▶ **Task**
Would you copy the records below, exactly and only from their first line through the line containing "1. Pokud je na vstupu AUX nebo", without any pictures?

Saved data entries:
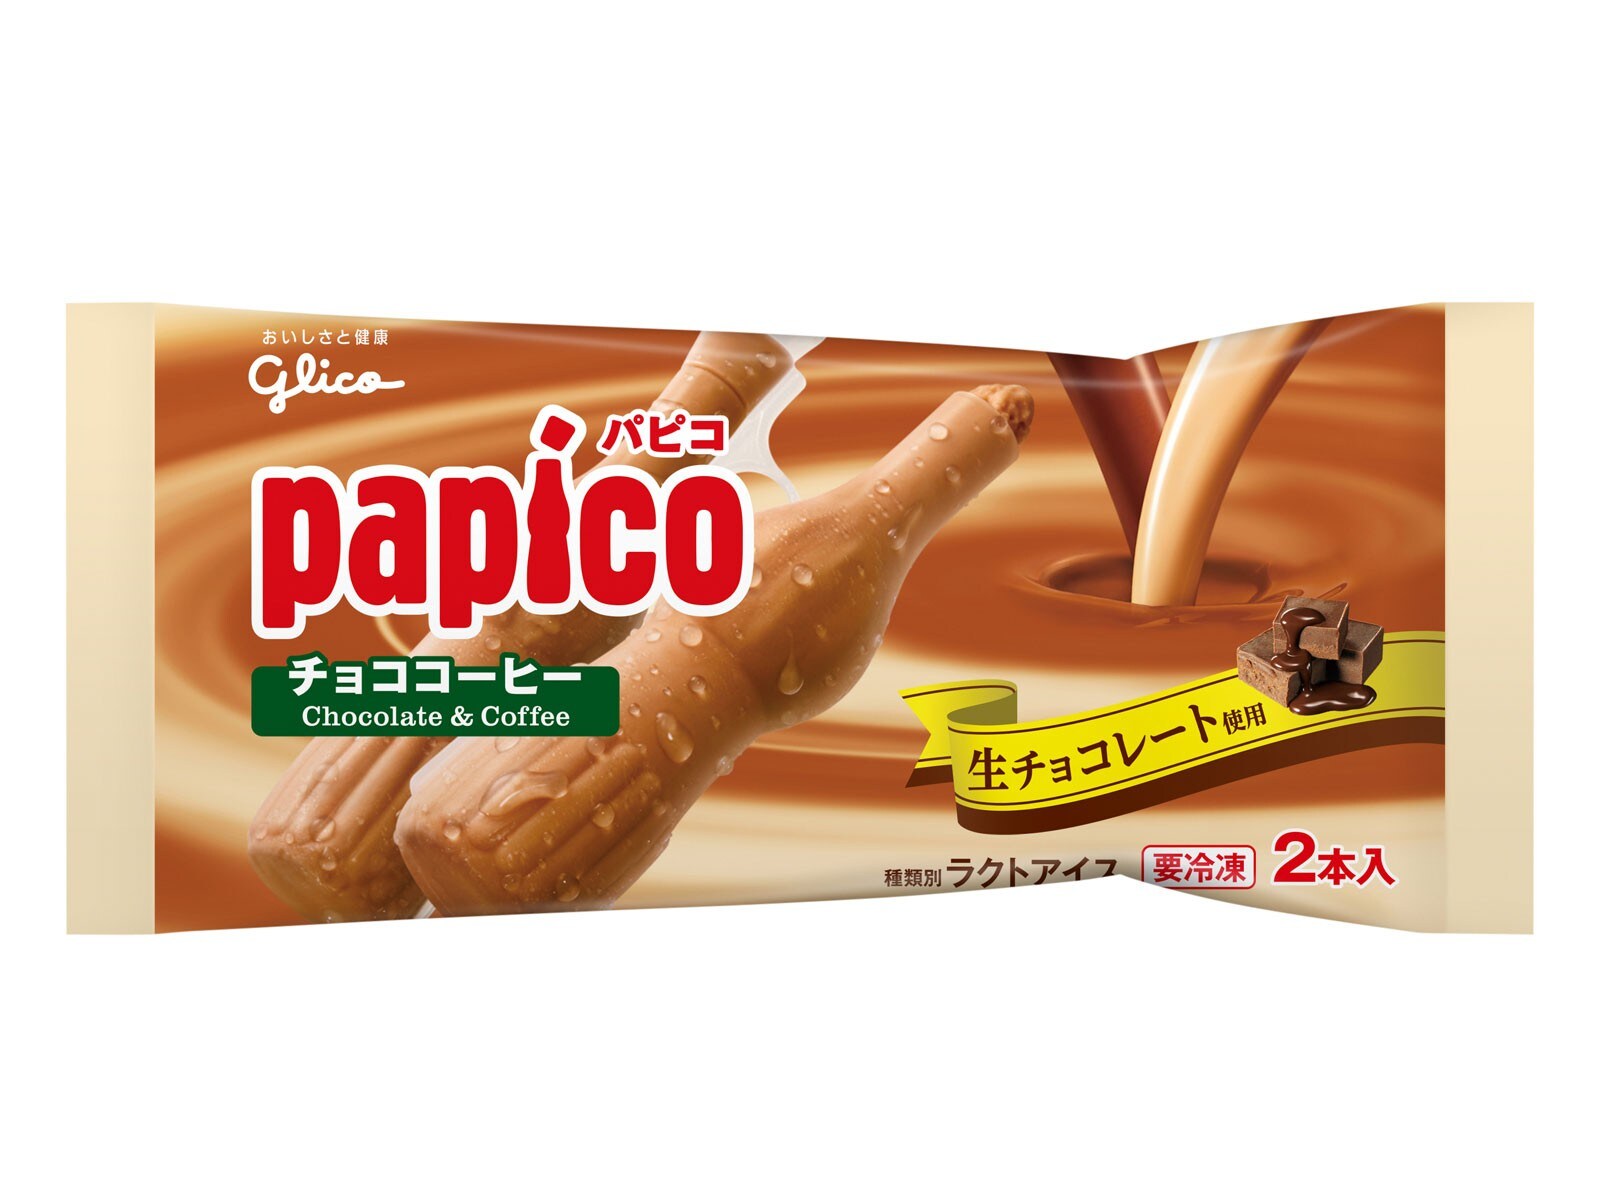 「パピコ」は昔と今で味が違う!?「違いの分かる人」になれるパピコの豆知識
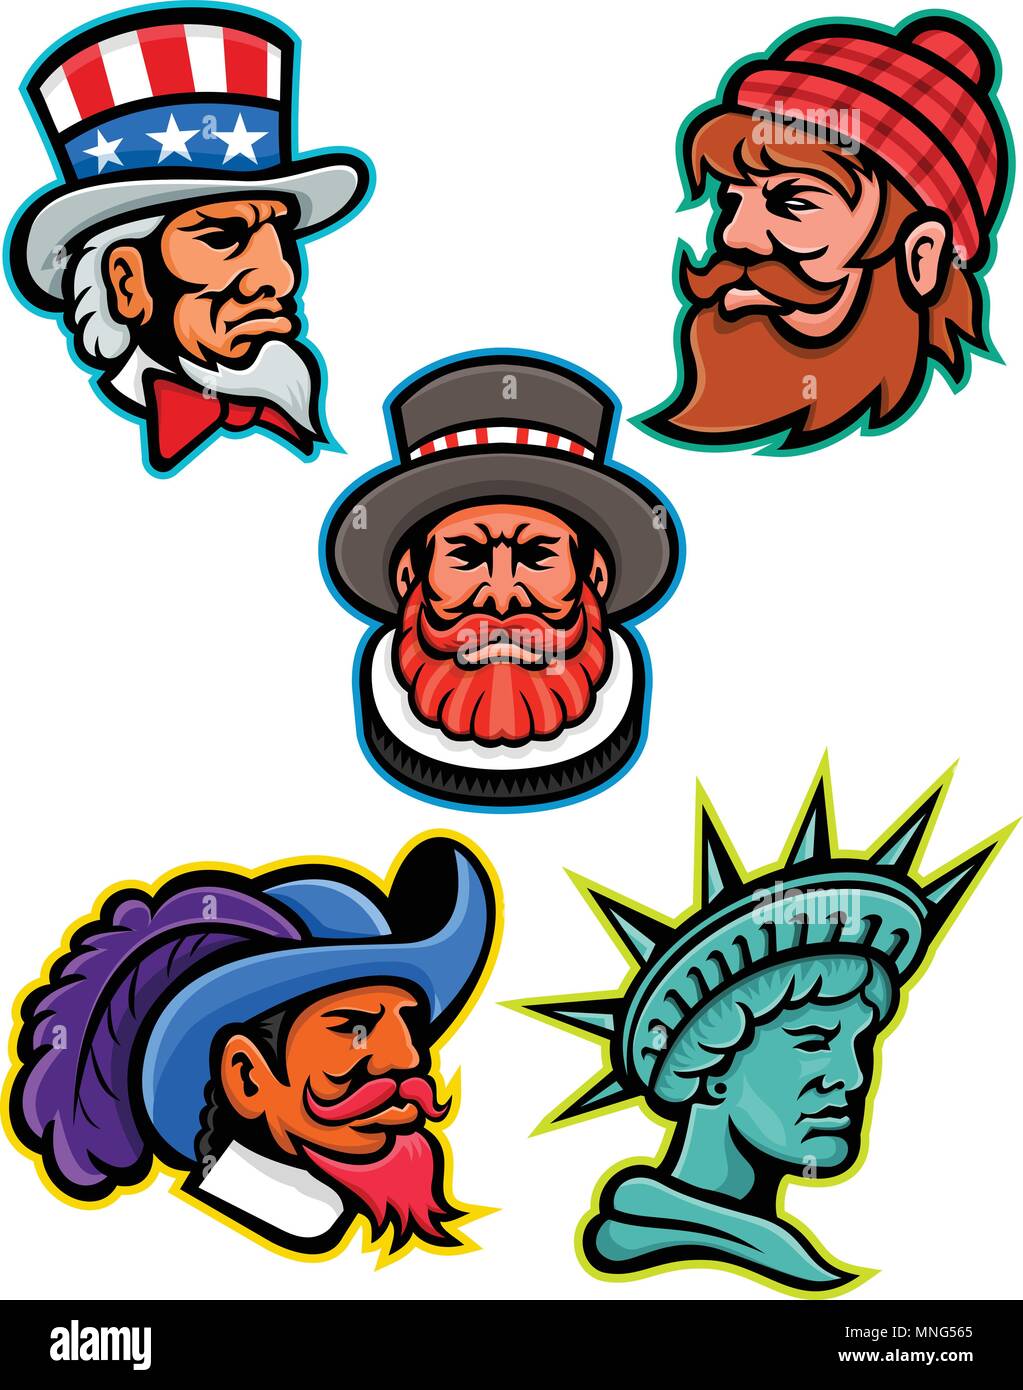 L'icône illustration mascotte ensemble de chefs de mascottes américaines et britanniques tels que l'Oncle Sam, Paul Bunyan lumberjack, Beefeater ou Yeoman, Cavalier ou Musc Illustration de Vecteur
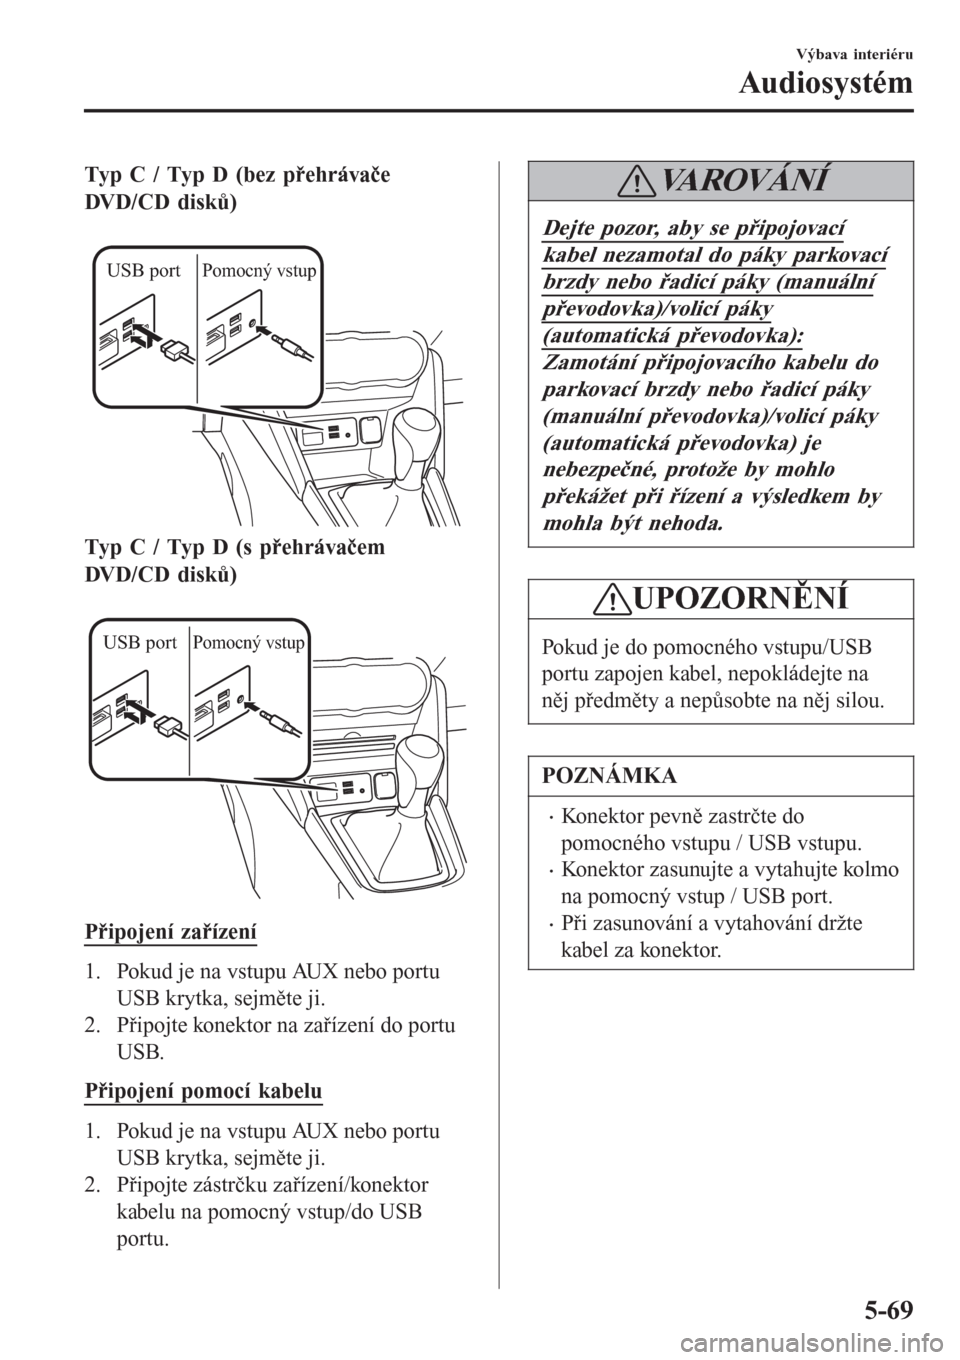 MAZDA MODEL CX-3 2016  Návod k obsluze (in Czech) Typ C / Typ D (bez přehrávače
DVD/CD disků)
 
USB portPomocný vstup
Typ C / Typ D (s přehrávačem
DVD/CD disků)
 
USB portPomocný vstup
Připojení zařízení
1. Pokud je na vstupu AUX nebo 
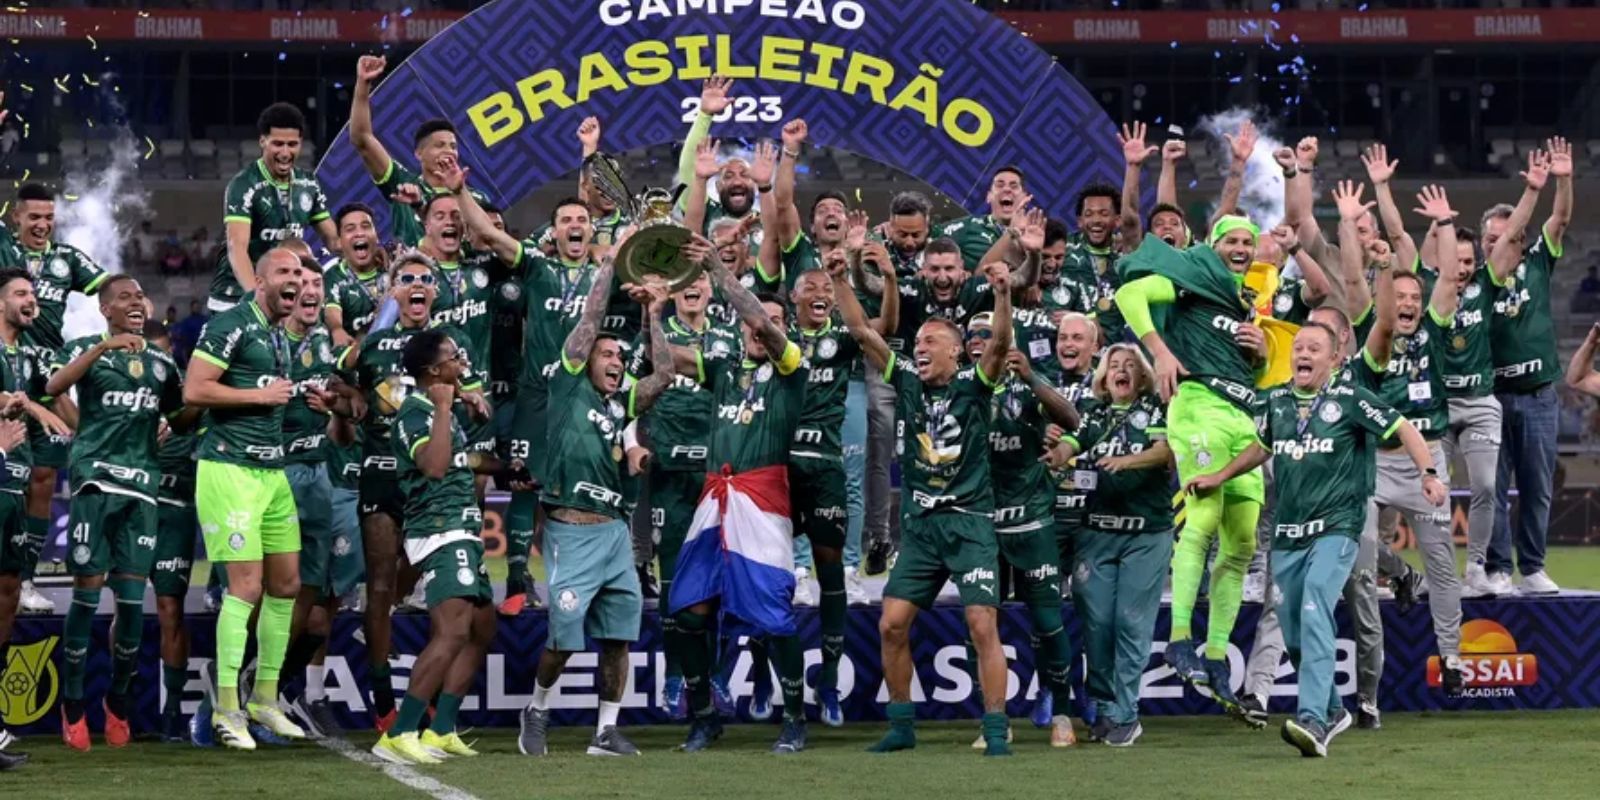 Qual a premiação do Campeonato Paulista? Quanto ganha o campeão?
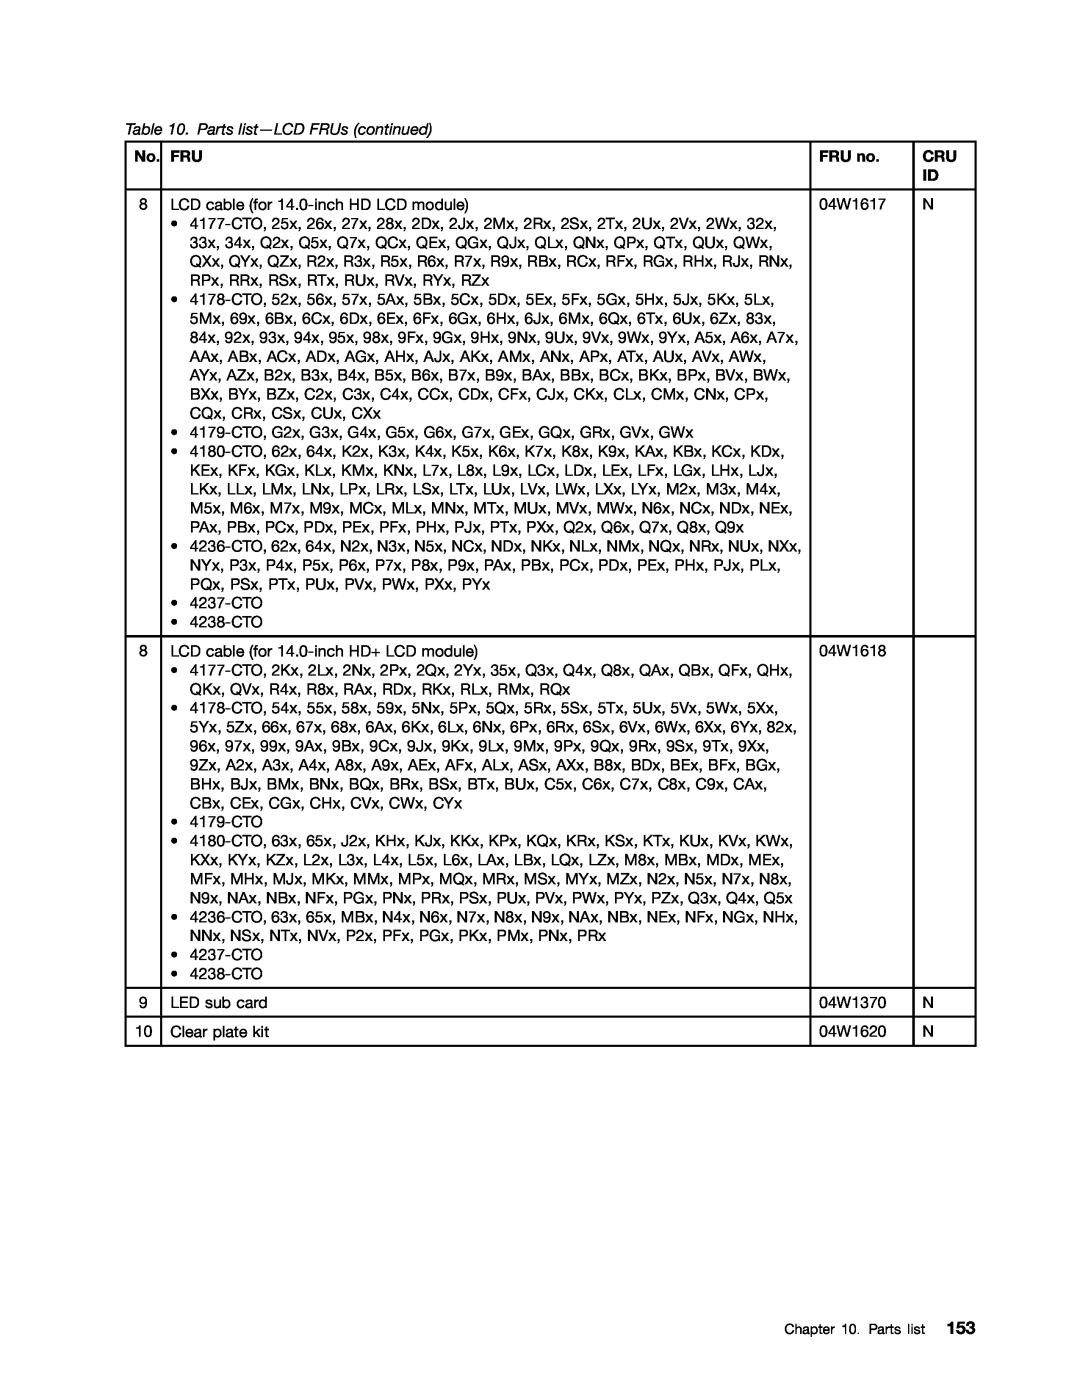 Lenovo T420i manual Parts list-LCD FRUs continued, FRU no

▶ **Solution to this exercise**
 「パピコ」は昔と今で味が違う!?「違いの分かる人」になれるパピコの豆知識
 L'icône illustration mascotte ensemble de chefs de mascottes américaines et britanniques tels que l'Oncle Sam, Paul Bunyan lumberjack, Beefeater ou Yeoman, Cavalier ou Musc Illustration de Vecteur
 MAZDA MODEL CX-3 2016  Návod k obsluze (in Czech) Typ C / Typ D (bez přehrávače
DVD/CD disků)
 
USB portPomocný vstup
Typ C / Typ D (s přehrávačem
DVD/CD disků)
 
USB portPomocný vstup
Připojení zařízení
1. Pokud je na vstupu AUX nebo 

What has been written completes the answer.